■ WHAT IS EXPECTED:
Every line from the one with "UCKA1 dodáváme v" up to and including the one with "Домашняя женская пижама" is to be output exactly as it appears below; pictures are not.

■ GIVEN DATA:
****

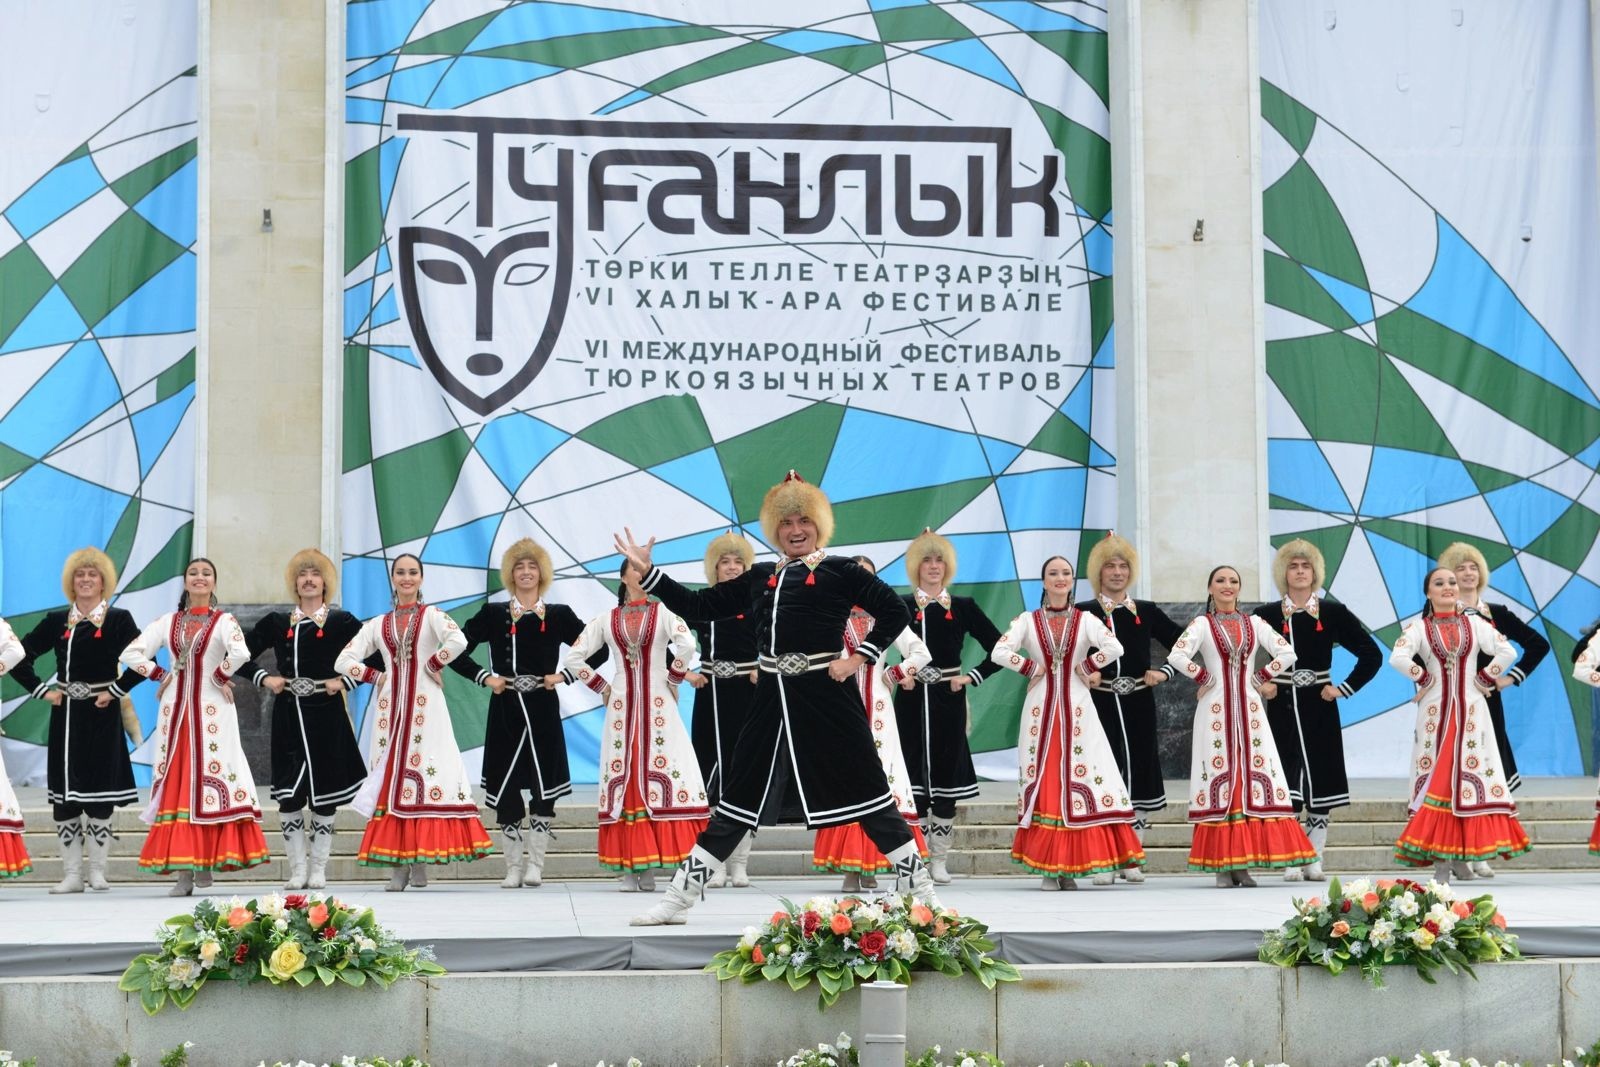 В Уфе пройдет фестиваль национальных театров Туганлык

****

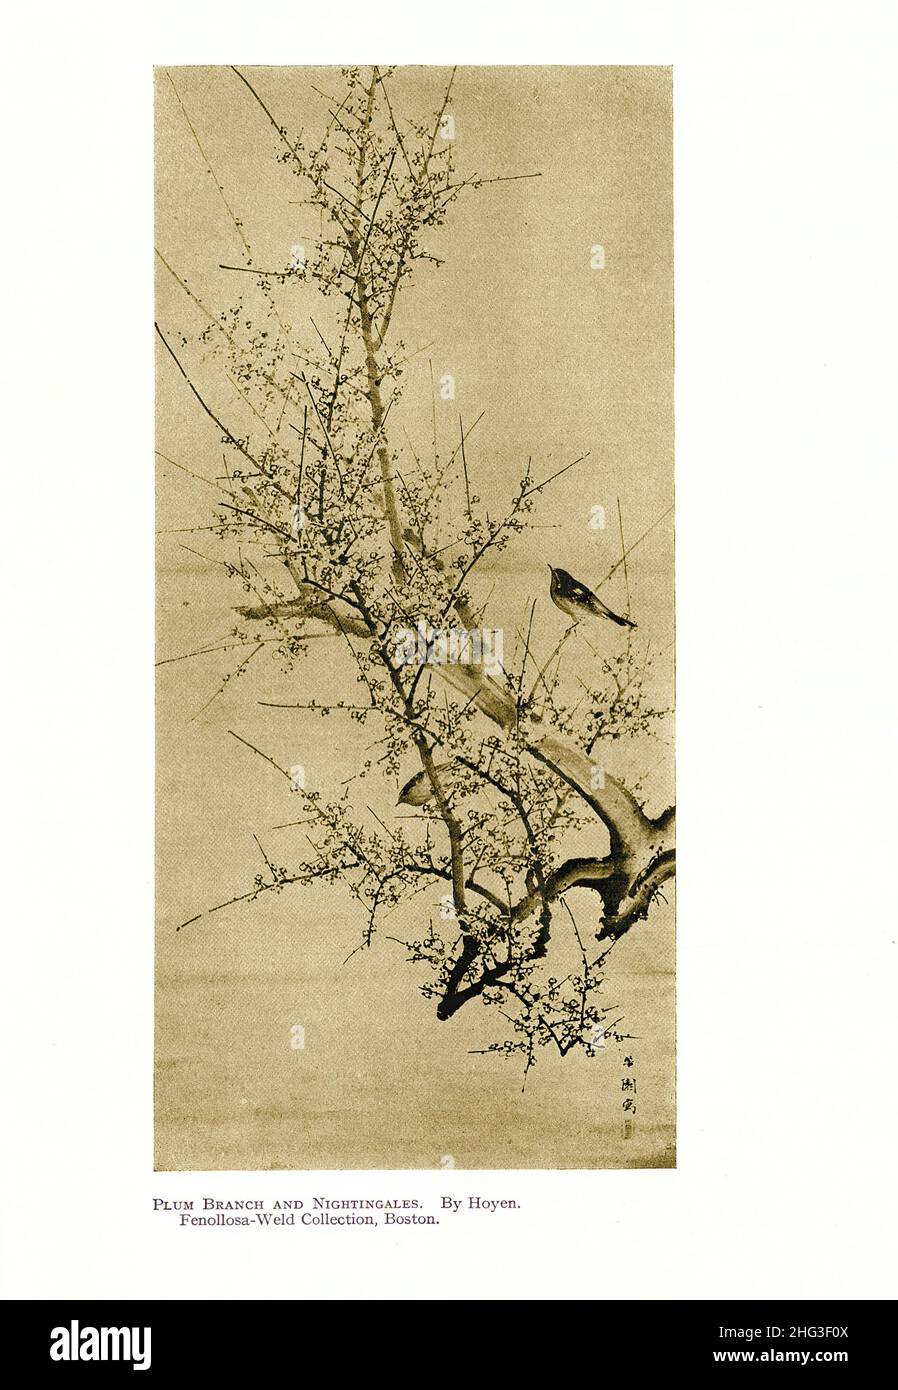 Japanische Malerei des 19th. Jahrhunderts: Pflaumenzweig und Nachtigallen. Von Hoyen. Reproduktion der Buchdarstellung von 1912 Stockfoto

****

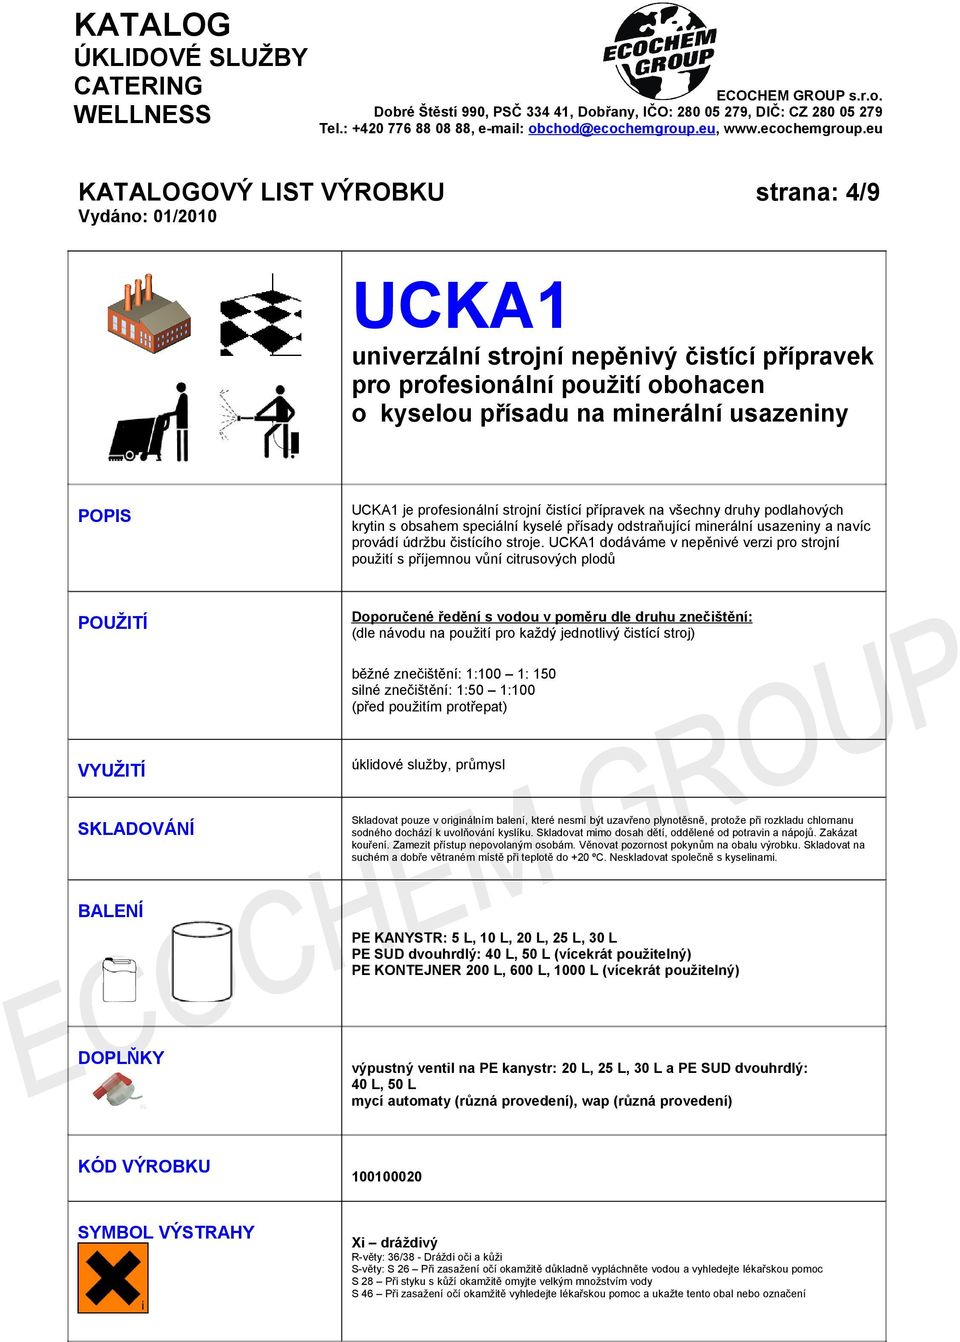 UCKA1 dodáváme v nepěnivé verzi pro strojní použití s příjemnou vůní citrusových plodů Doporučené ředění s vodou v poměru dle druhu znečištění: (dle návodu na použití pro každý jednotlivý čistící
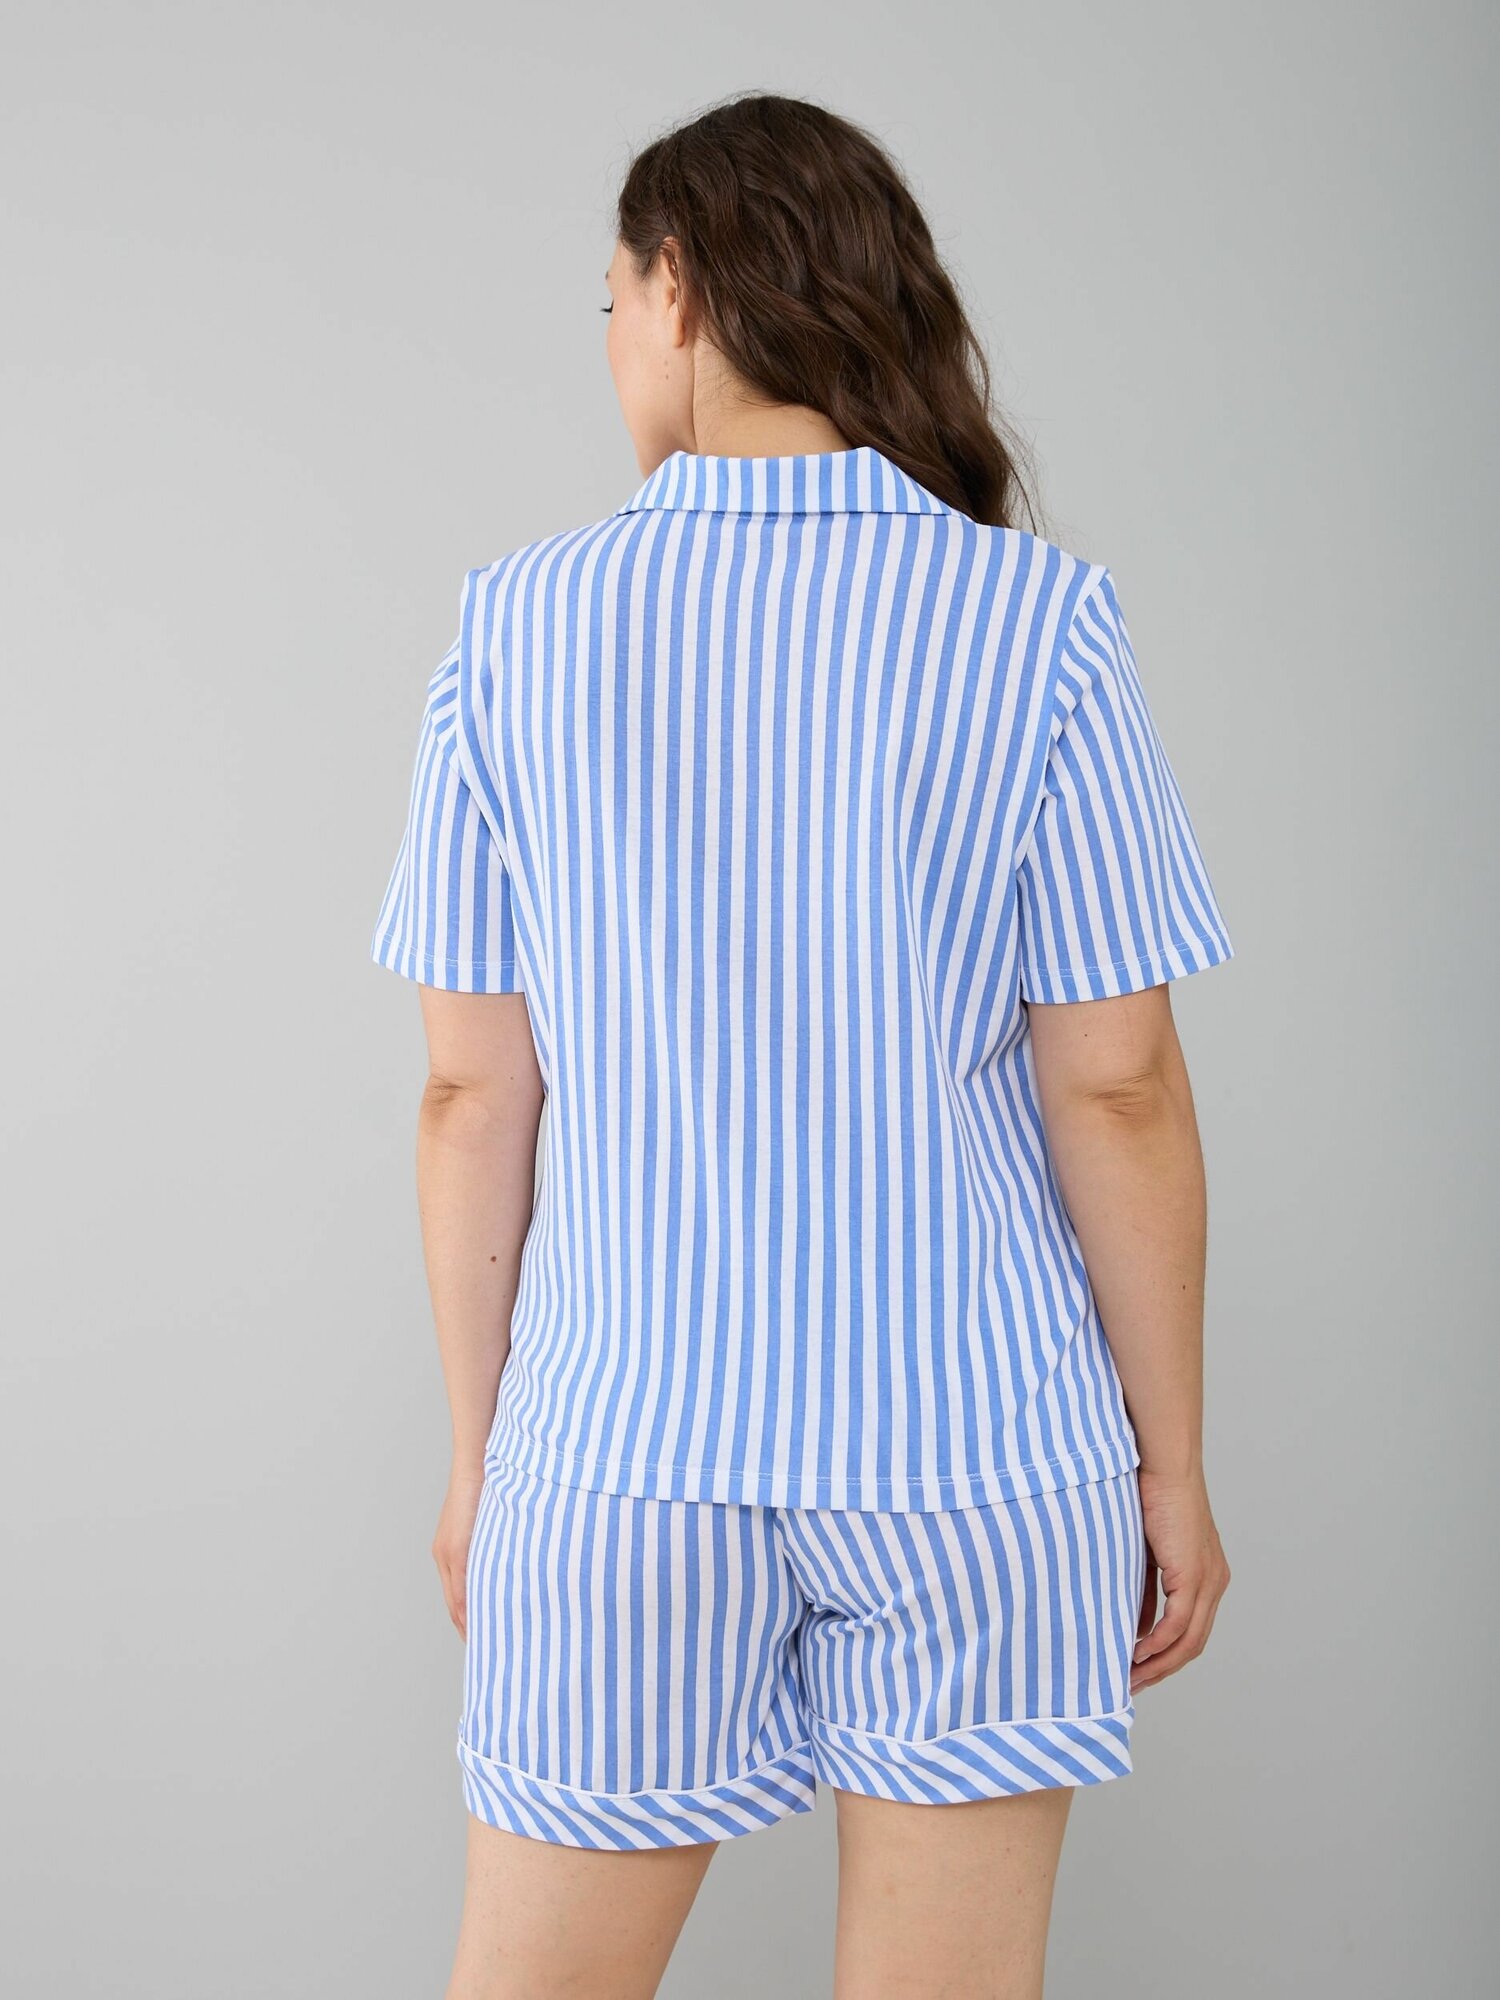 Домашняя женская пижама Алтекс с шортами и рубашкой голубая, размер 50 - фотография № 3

****

■ WRITTEN SOLUTION:
 UCKA1 dodáváme v nepěnivé verzi pro strojní použití s příjemnou vůní citrusových plodů Doporučené ředění s vodou v poměru dle druhu znečištění: (dle návodu na použití pro každý jednotlivý čistící
 Домашняя женская пижама Алтекс с шортами и рубашкой голубая, размер 50 - фотография № 3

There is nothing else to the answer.